Dennis Rader, the BTK Killer, is an example of an organized killer/criminal.
Dr. Katherine Ramsland is a renowned expert on serial killers and she details Rader’s crimes in her book Confession of a Serial Killer: The Untold Story of Denis Rader the BTK Killer. As part of her research, Dr. Ramsland spoke with Rader by telephone once a week for an entire year. Each week, Rader called her from the El Dorado Correctional Facility and the two of them talked for an hour or so. Also as part of her process of delving into Rader’s mind, Dr. Ramsland played chess, by mail, with the killer.
As many of you know, Dr. Ramsland is a regular presenter at the Writers’ Police Academy.
Disorganized Killers
Disorganized killers/criminals typically do not plan their crimes in advance. They quite often leave evidence at the scenes of their crimes, such as fingerprints, footprints, DNA, tire tracks, or blood. They’re also known to simply leave the body as is, making no real attempt to conceal it or to prevent leaving telltale evidence such as semen or saliva. Their crimes are sometimes chaotic.
Disorganized killers tend to be younger in age. They’re unskilled workers who have no problem depersonalizing their victims. They may be mentally ill. They’re often of below average intelligence who lack communication and social skills. Many come from dysfunctional and/or abusive families. They may have been sexually abused by relatives, and they may present with sexual detestation. They’re loners who often travel on foot to commit crimes due to a lack of transportation. These are the neighbors of their victims. They’re often under the influence of drugs and/or alcohol when they commit their crimes.
Jack the Ripper, for example, was a killer who made no effort to conceal the bodies of his victims.
This is the killer who uses a sudden and quick attack to overpower their victims.
Race
White offenders are far more apt (over double) to meet their victims in an outdoor public place (a park or somewhere similar), while African American offenders tend to prefer a less conspicuous location. African American offenders, however, are more prone to choose a meeting place that’s in vice areas (locations where prostitution is known to exist, etc.) than do white offenders.
Location
Serial killers tend to commit murder in public locations. Their next choice is typically the homes of the victims.
For example, in the late 1980s, serial killer Timothy Spencer (the Southside Strangler) raped and killed four women—Debbie Dudly Davis, 35, an account manager, Susan Elizabeth Hellams, 32, a neurosurgeon, and Diane Cho, 15, a high school freshman, and Susan M. Tucker, 44, a federal employee.

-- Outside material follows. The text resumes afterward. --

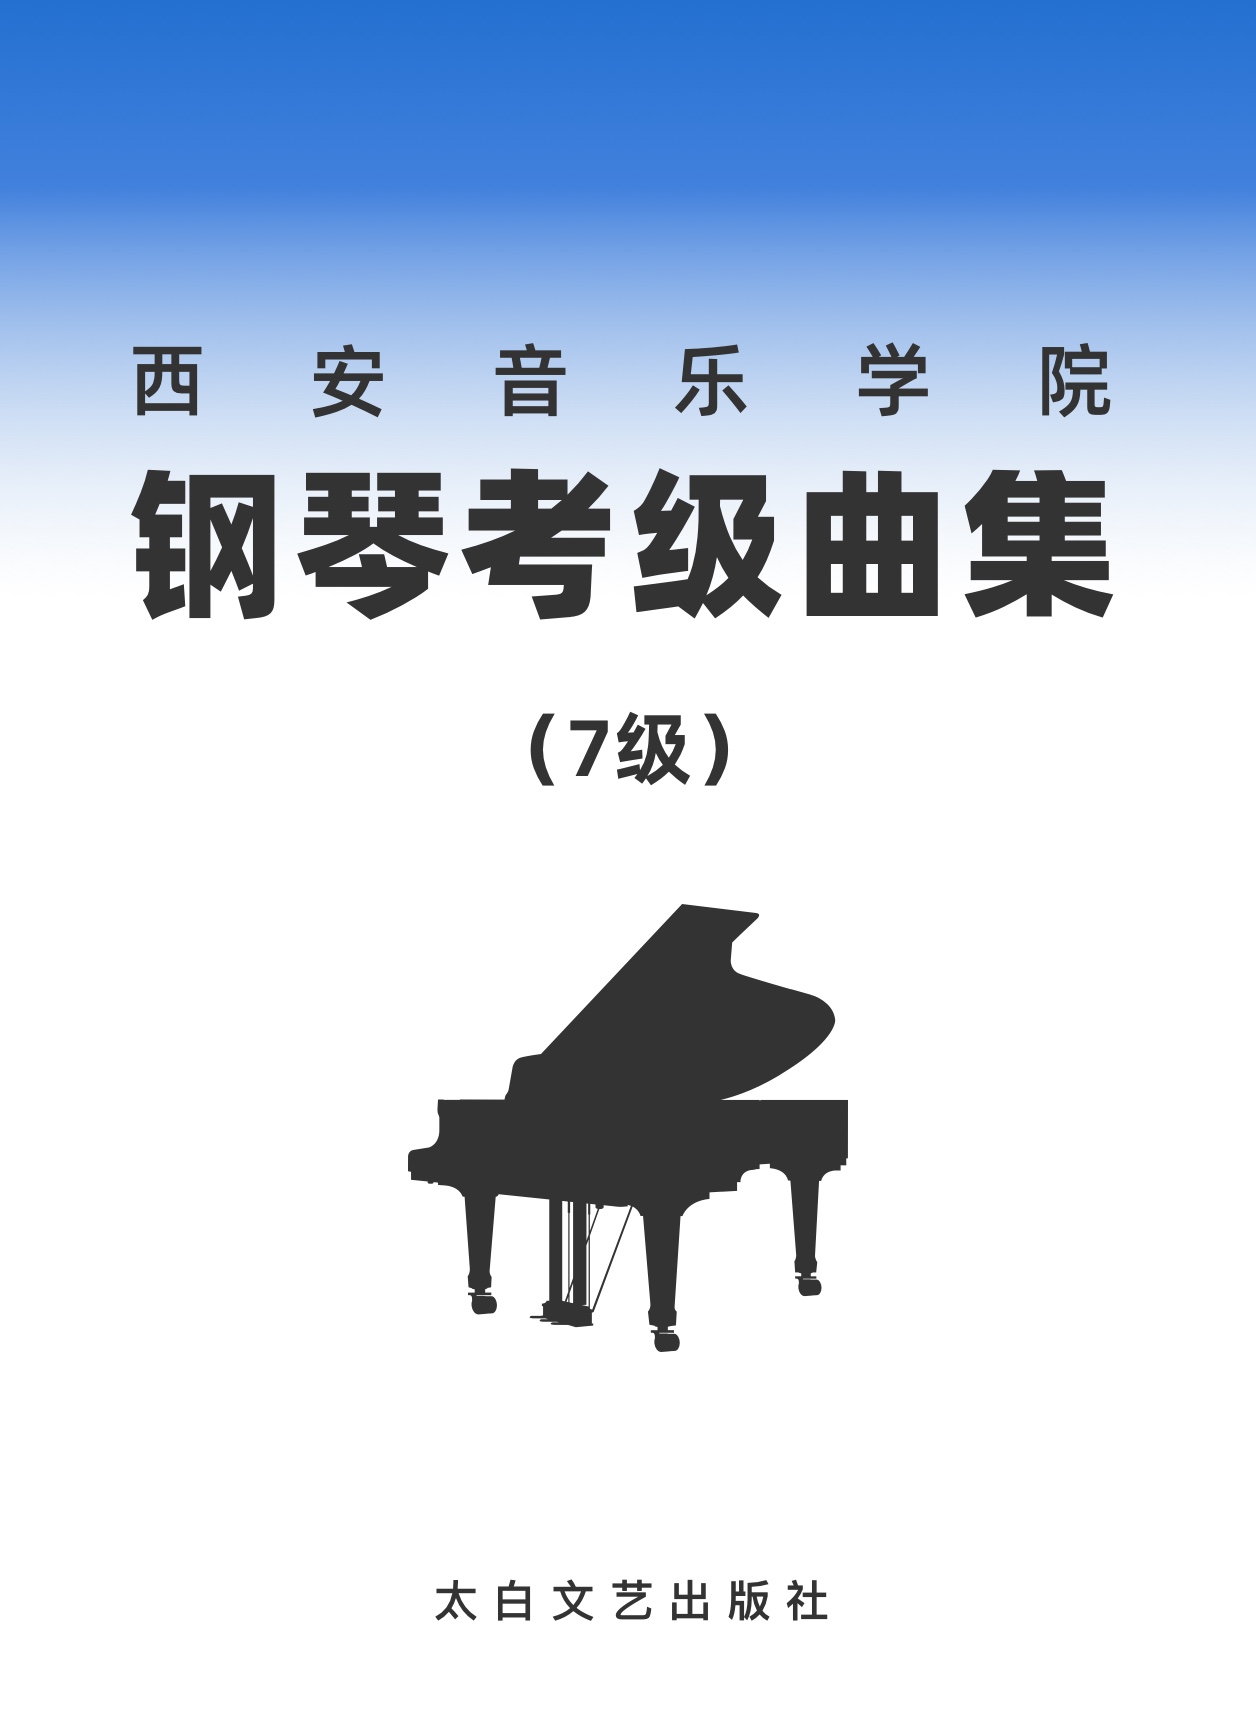 17第七级 主题与变奏钢琴简谱 数字双手

Spencer committed those brutal murders while living at a Richmond, Virginia halfway house after his release from a three-year prison sentence for burglary. He killed the first three women on the weekends during times when he had signed out of the facility.
Officials had not yet linked Spencer to the murders, so they granted him a furlough to visit his mother’s home for the Thanksgiving holiday. Susan Tucker’s body was found shortly after the time Spencer returned to and signed in at the halfway house.

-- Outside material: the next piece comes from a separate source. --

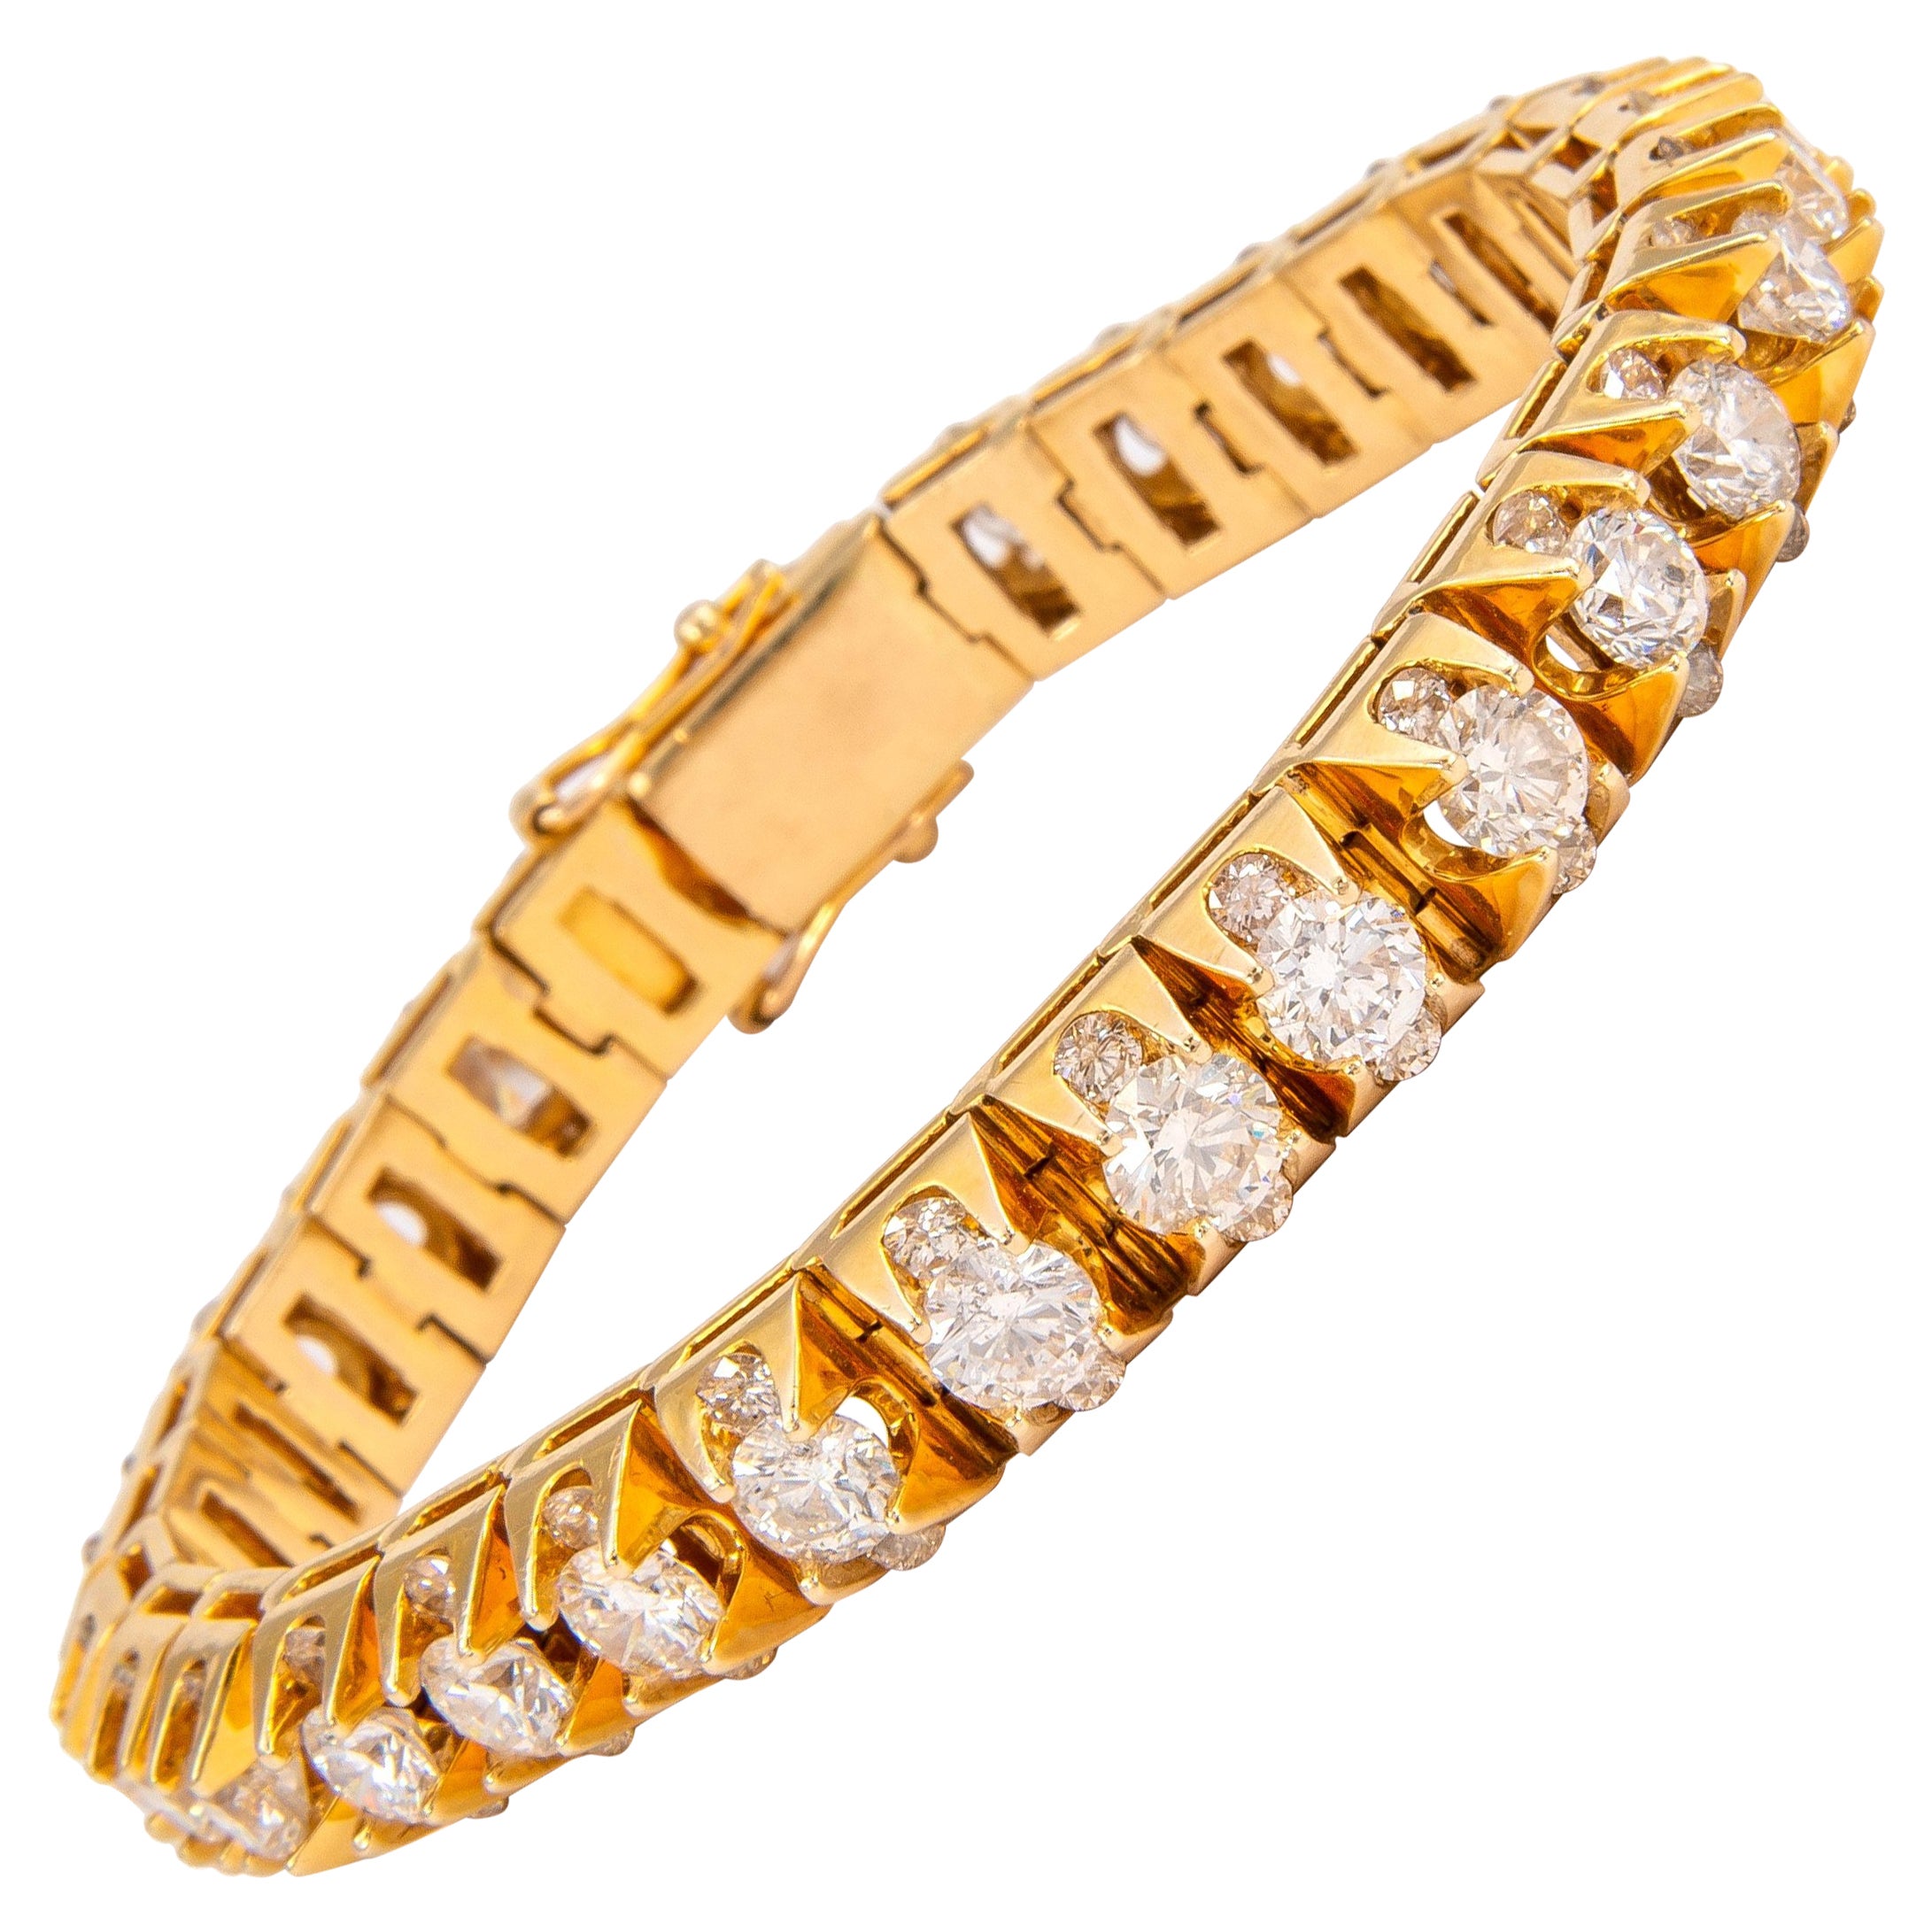 Estate / Vintage Apx 20.05 Carats Diamond Bracelet Yellow Gold For Sale

Police learned that Spencer entered the women’s homes through windows. Then he raped, sodomized, and choked them to death using ligatures. He’d made the ligatures in such a way that the more the victims struggled, the more they choked.
All four were discovered nude or partly clothed. Their hands were bound, and either rope, belts, or socks were tied around their necks.
Spencer had left no evidence behind other than DNA evidence. At the time DNA testing in criminal cases was new.
Spencer later was also implicated in the murder of lawyer Carolyn Jean Hamm, 32, in Arlington, Virginia. He was also thought to have raped at least eight additional women. However, he was never tried in those cases because he’d already been sentenced to death.
Spencer, by the way, was the first person in the U.S. executed for a conviction based on DNA evidence.
Patricia Cornwell’s first book, Post Mortem, was based on the Spencer murders.
In the spring of 1994, I served as a witness to Spencer’s execution by way of the electric chair. His death was gruesome.